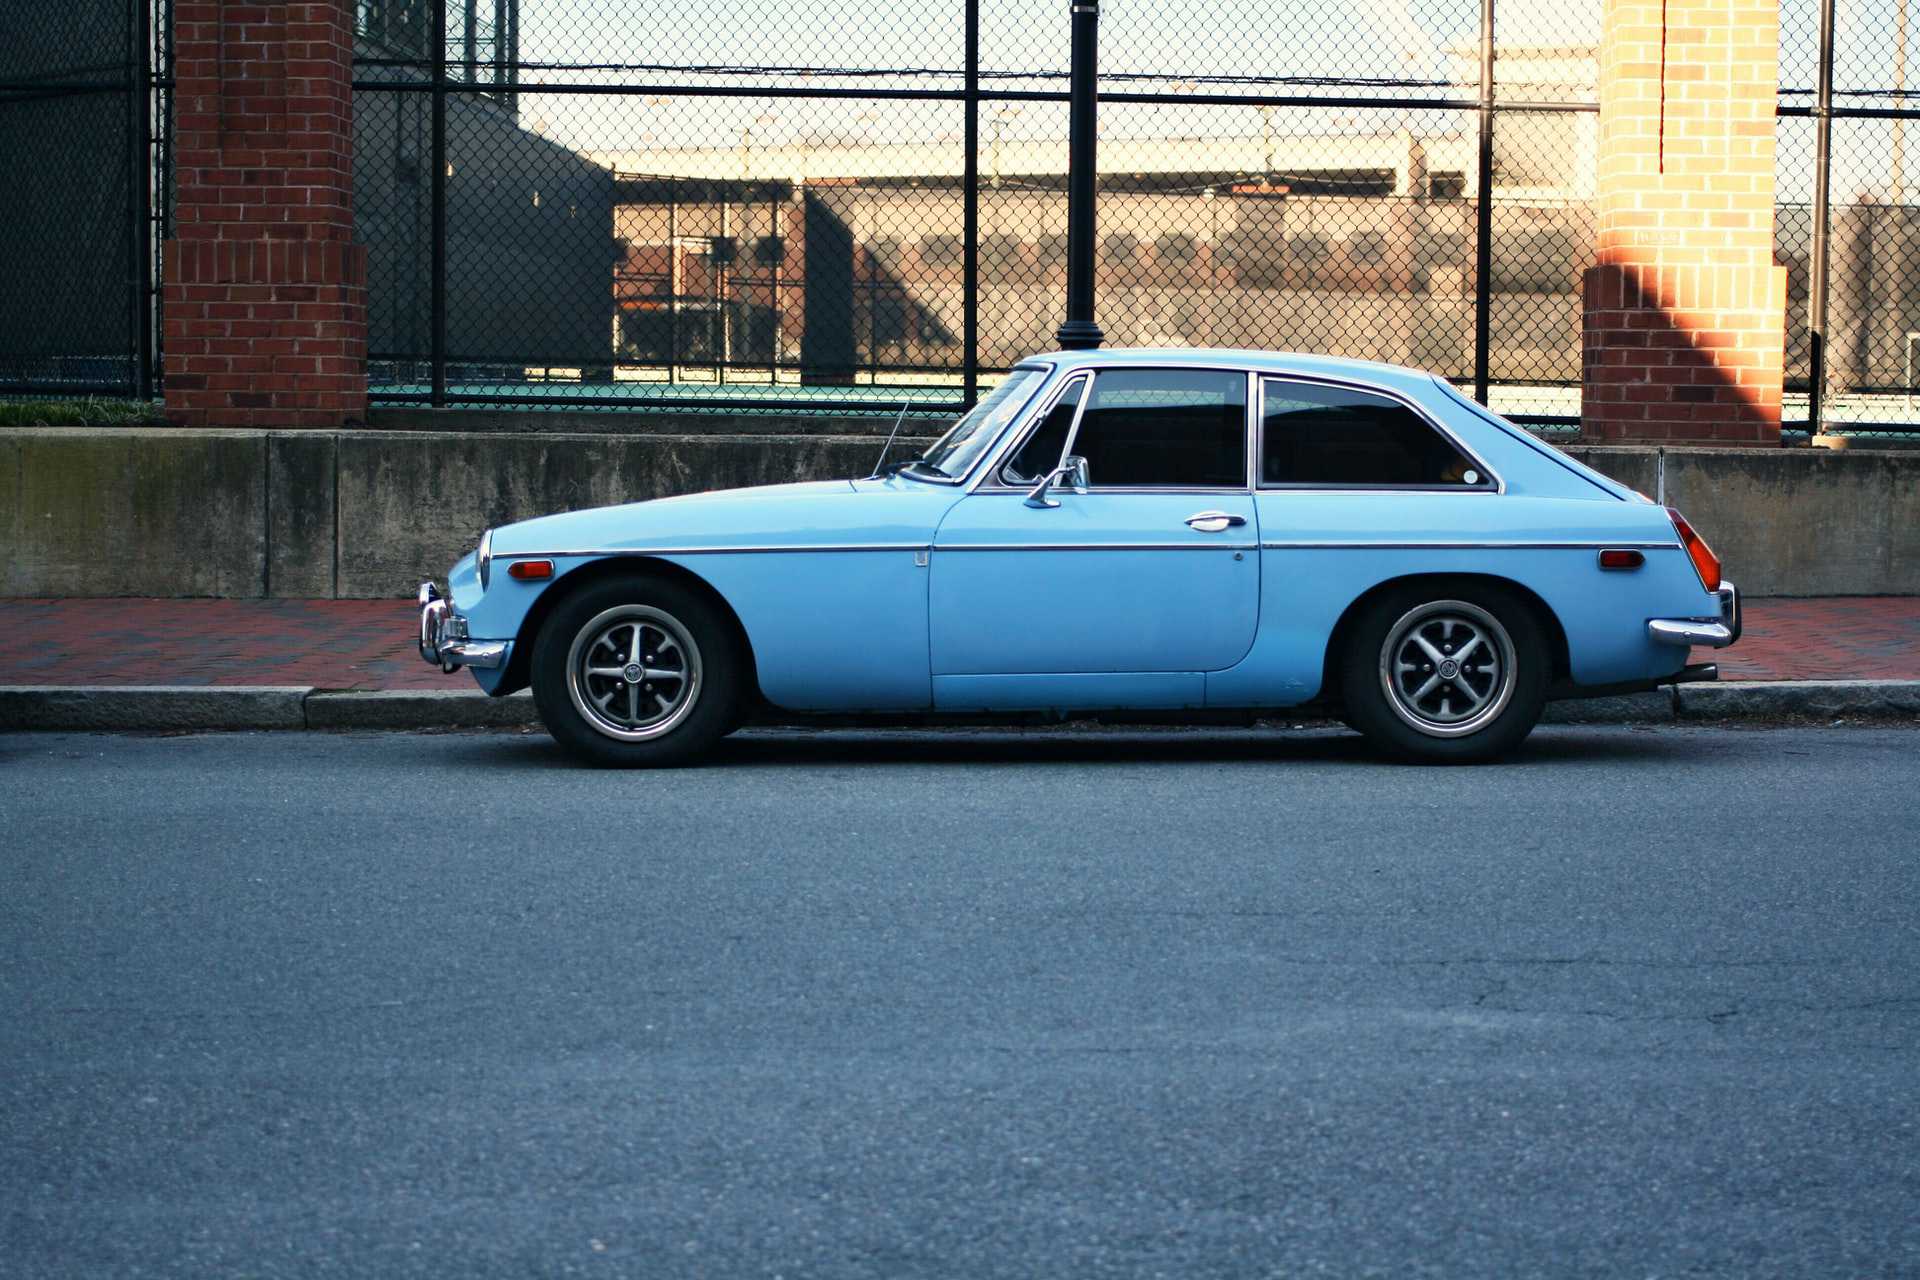 Parked Blue Oldtimer Sedan | Goodwill Car Donations
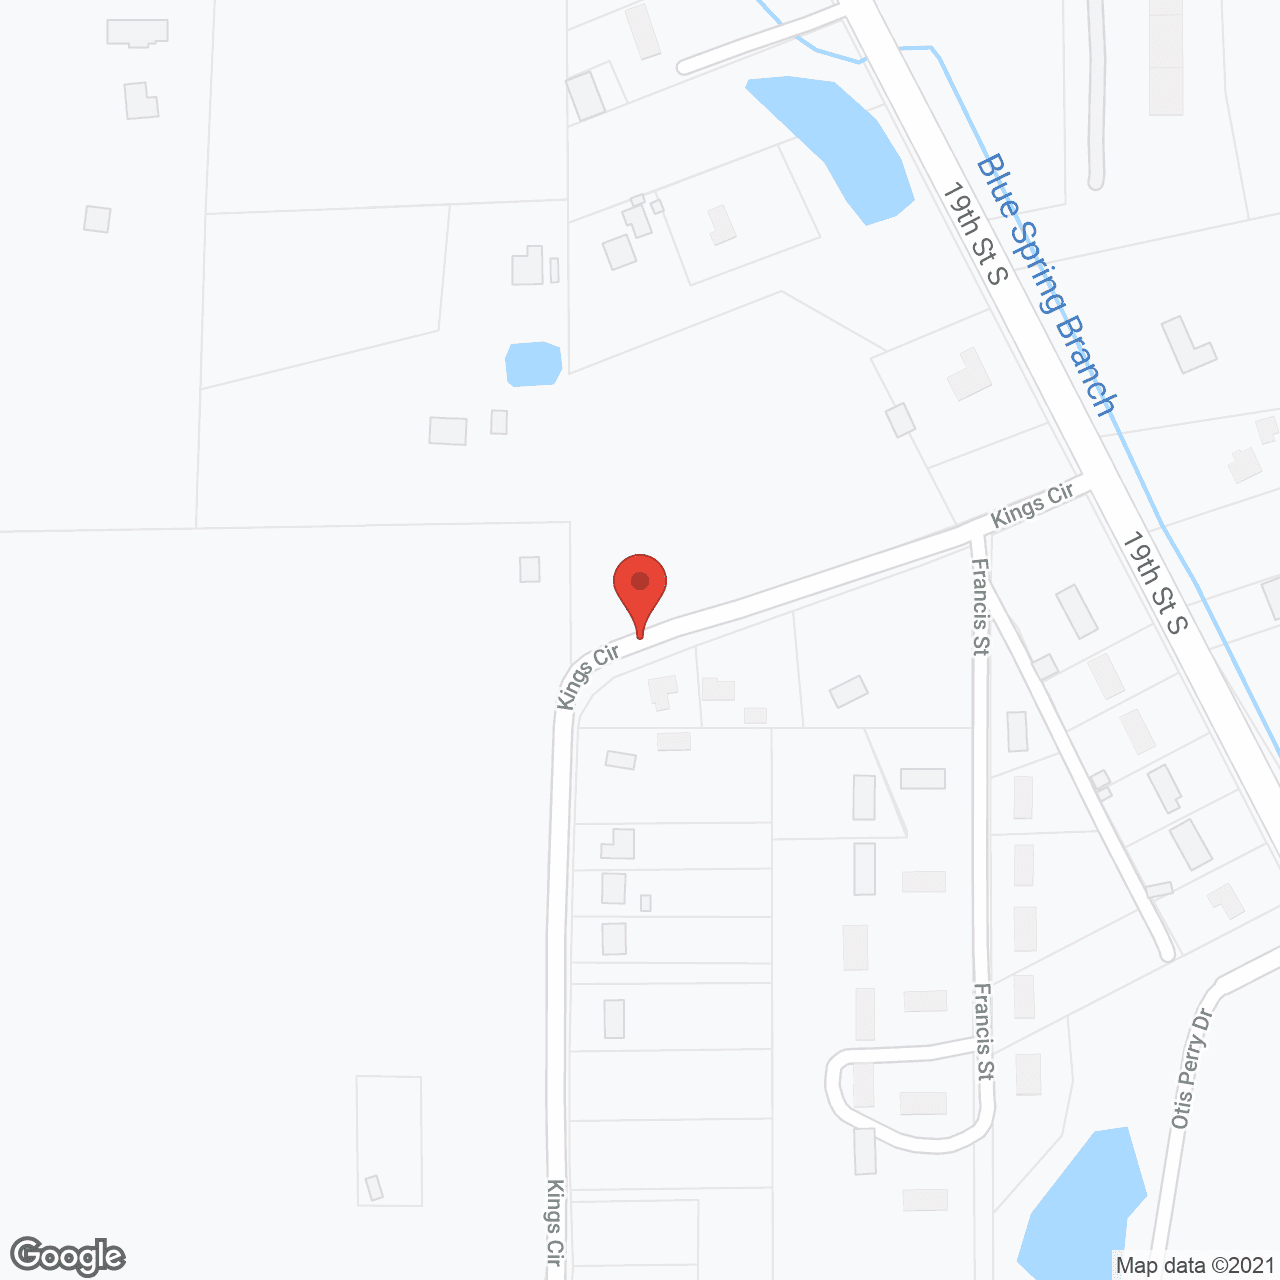 Village East in google map
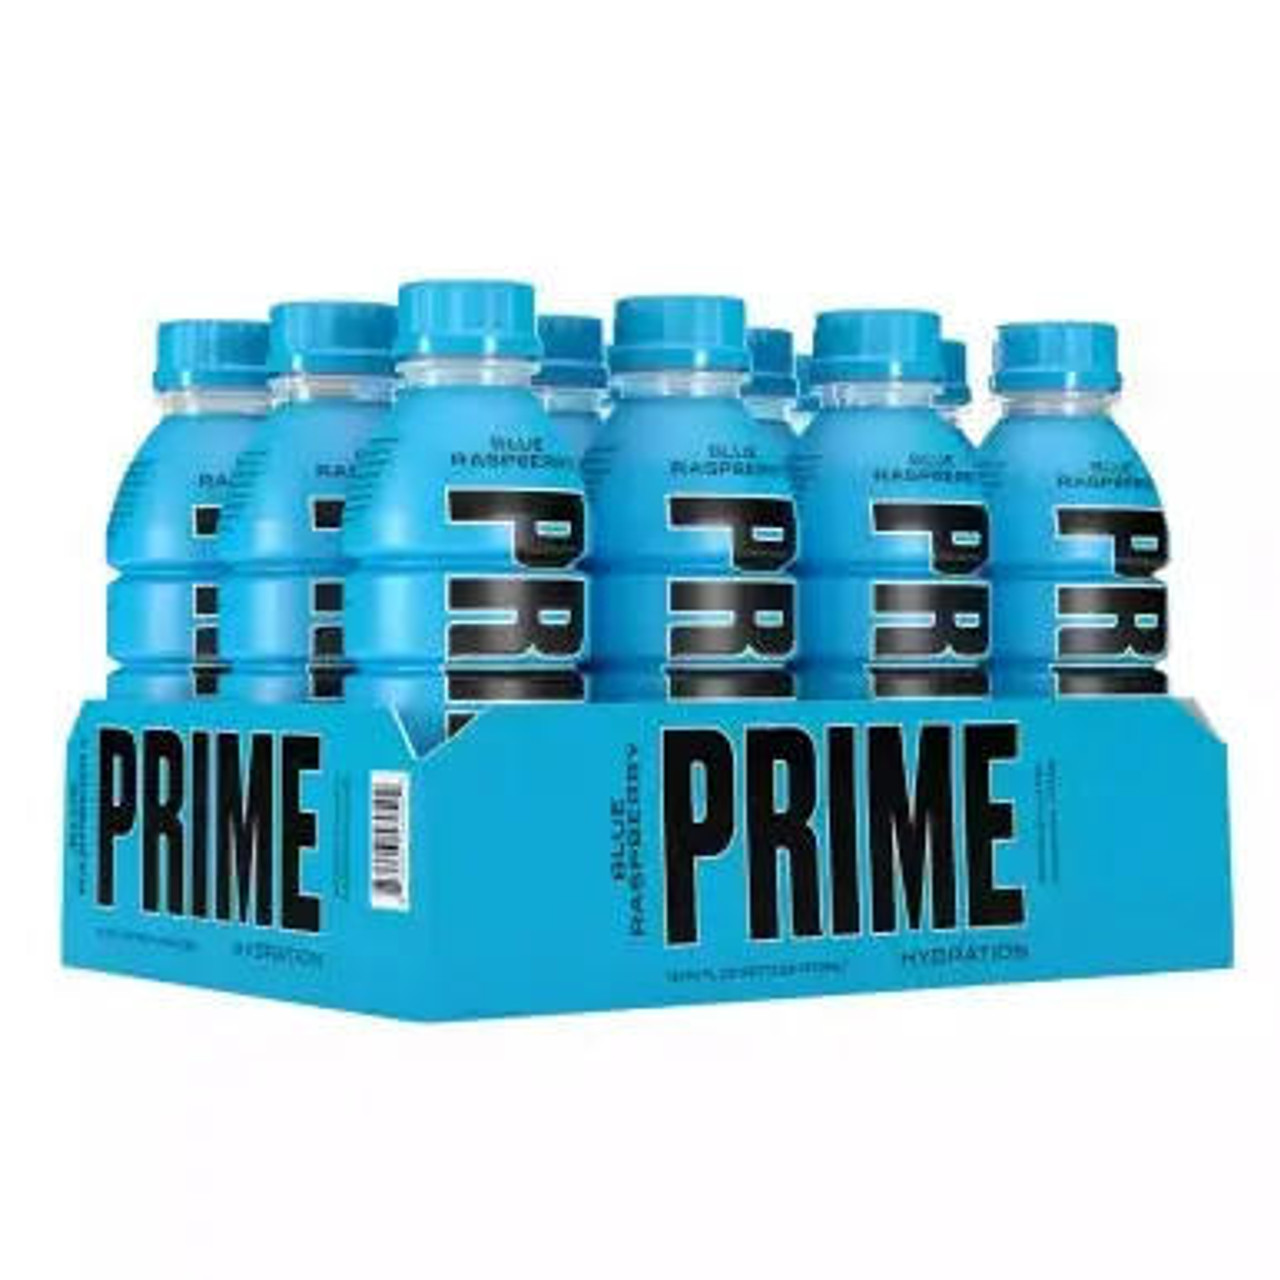 Prime Hydration Drink Sports Beverage Lemon lime, Naturally Flavored  12-pk

□ □ □ □

- Instructions for the task -
Starting with the line that holds "Village East in google map", reproduce exactly each line up to and including the last line of the material above, and drop the pictures.

- Response below -
 Village East in google map
 Prime Hydration Drink Sports Beverage Lemon lime, Naturally Flavored  12-pk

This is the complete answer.